All the papers front the death of Sen. John Chafee, R-R.I., at 77 from heart failure. Chafee was a centrist deal-maker, a champion of health care and the environment ostracized by an increasingly conservative GOP and an increasingly partisan Senate.

The Post runs a first-rate analysis  of yesterday’s 20 percent drop in IBM’s share price. Alan Sloan, Newsweek’s Wall Street correspondent, notes that yesterday’s plunge came after Big Blue announced that its mainframe computer sales would be soft for the next six months. Sloan argues that stock analysts could have predicted this sales drop-off with a few phone calls to mainframe buyers. Yet a database search of 22 IBM stock analysts shows that only one had downgraded IBM stock prior to the announcement.

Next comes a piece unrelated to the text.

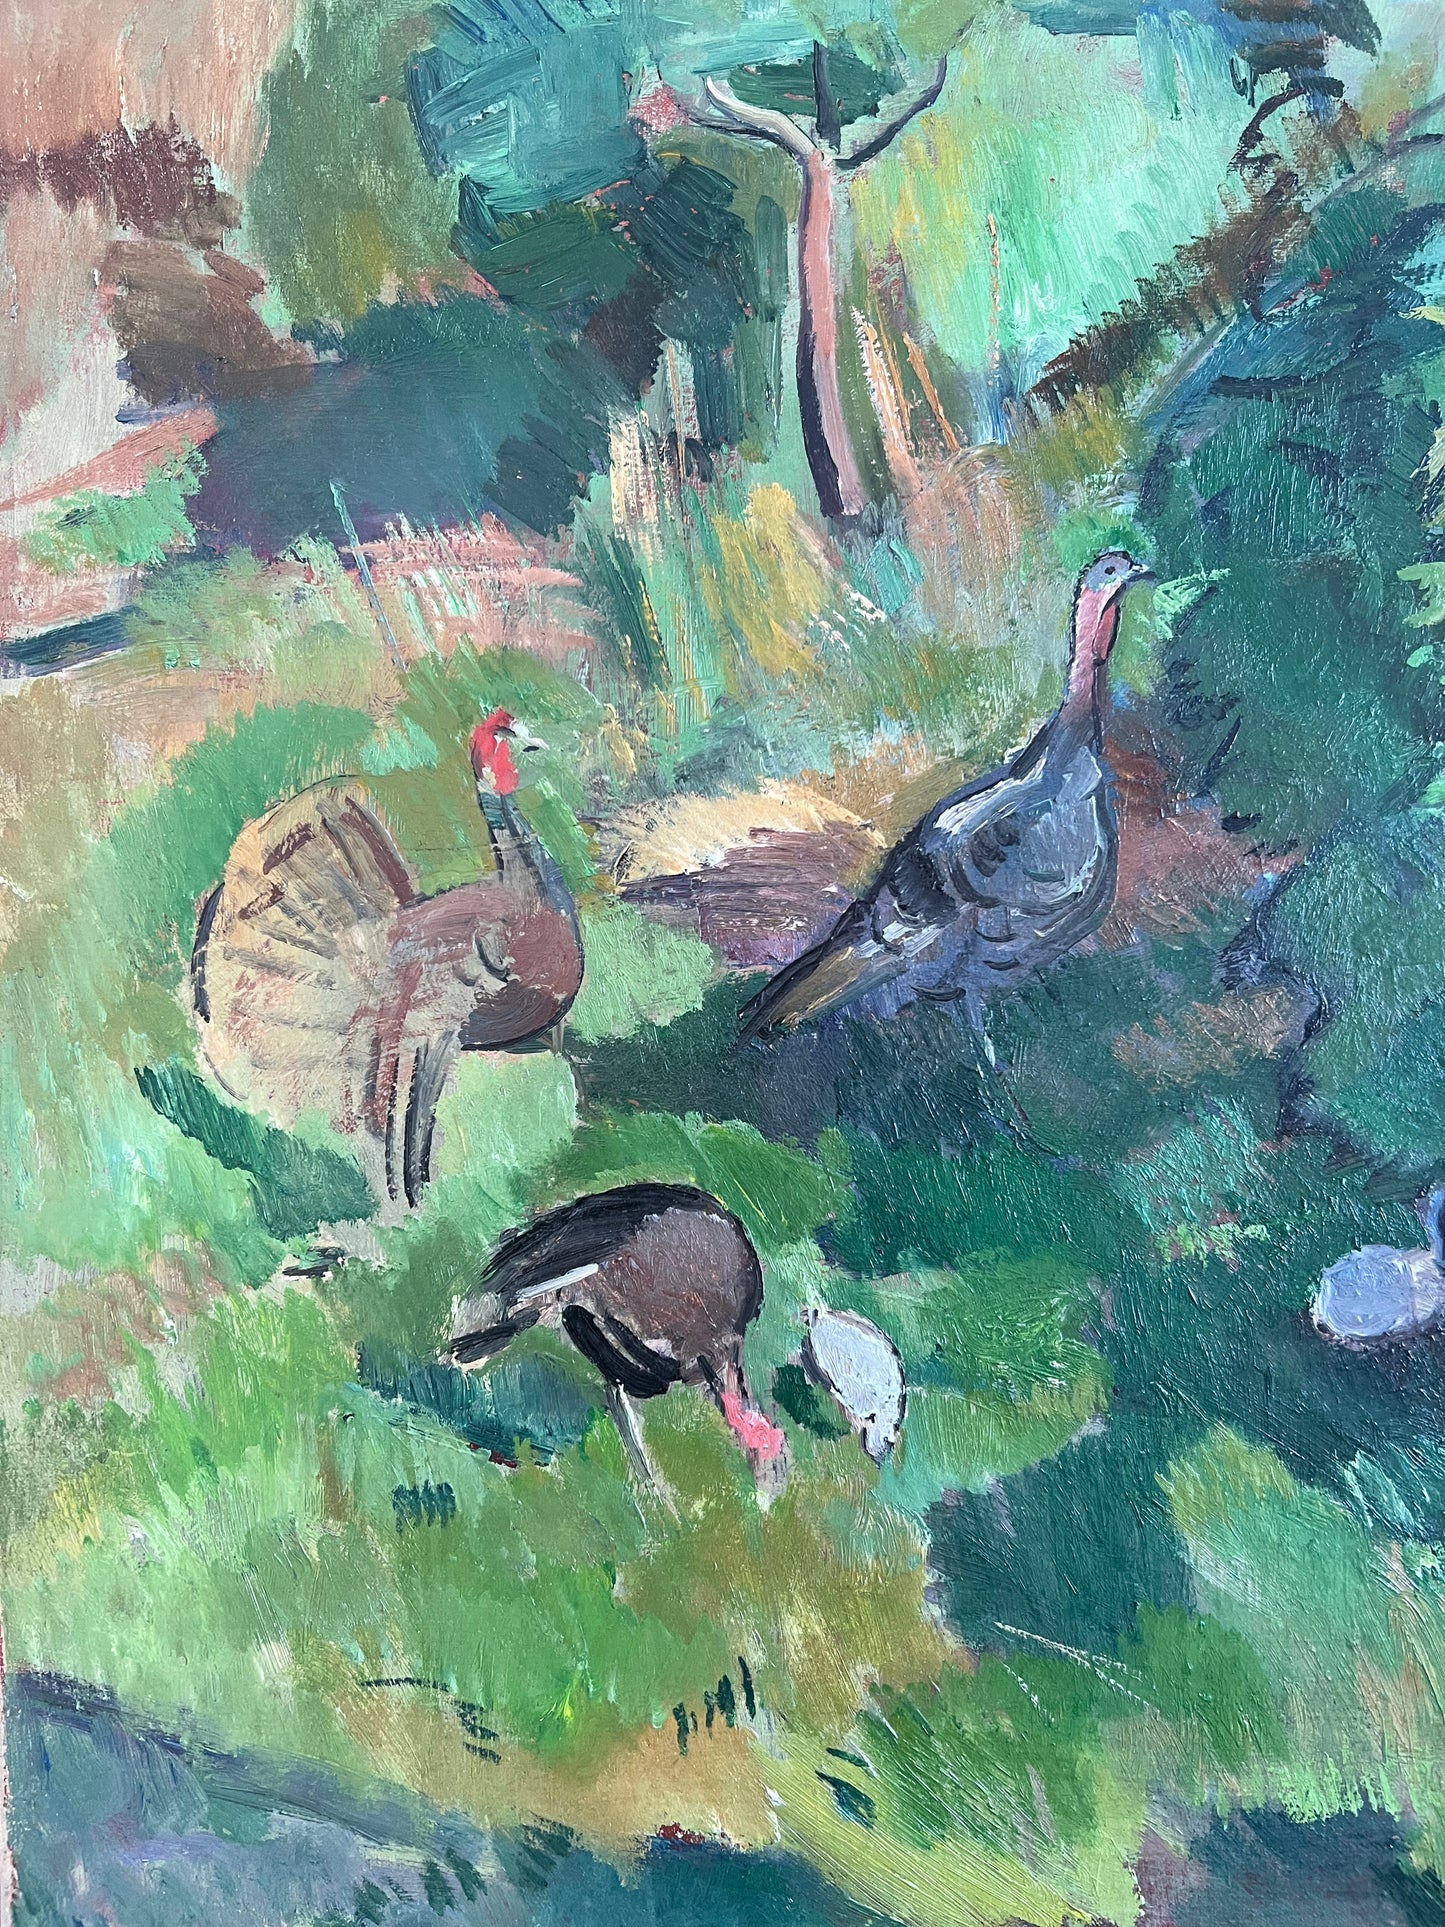 Oda Peters. Turkeys in the garden, 1920’s

After the announcement and stock plunge, four of them downgraded. “This is what rural types call locking the barn door after the horse has been stolen,” he observes. (For Moneybox’s take on the IBM sell-off, click here.)

A front-page LAT piece on the alleged Bank of New York money-laundering scandal argues that much of the suspicious Russian money is owned by legitimate Russian businessmen who simply do not trust Russian banks or wish to avoid paying excessive taxes to a corrupt government. “Safe investments in Russia are as rare as flamingos in Siberia,” the authors write. “Most [Russian] people think that the only smart thing to do with their money is to … try to get it out of the country.”

The NYT examines the gentrification of Freehold, N.J. Once a tight-knit but downtrodden blue-collar community, the hometown of Bruce Springsteen has become a wealthy, yuppified commercial district, with lots of jobs, high taxes, and a fleet of SUVs.

The Post runs a correction that will make every high-school biology teacher cluck with disapproval: “An item on yesterday’s Science page incorrectly stated that mitochondrial DNA is found in the nucleus of cells. It is in every cell’s cytoplasm.”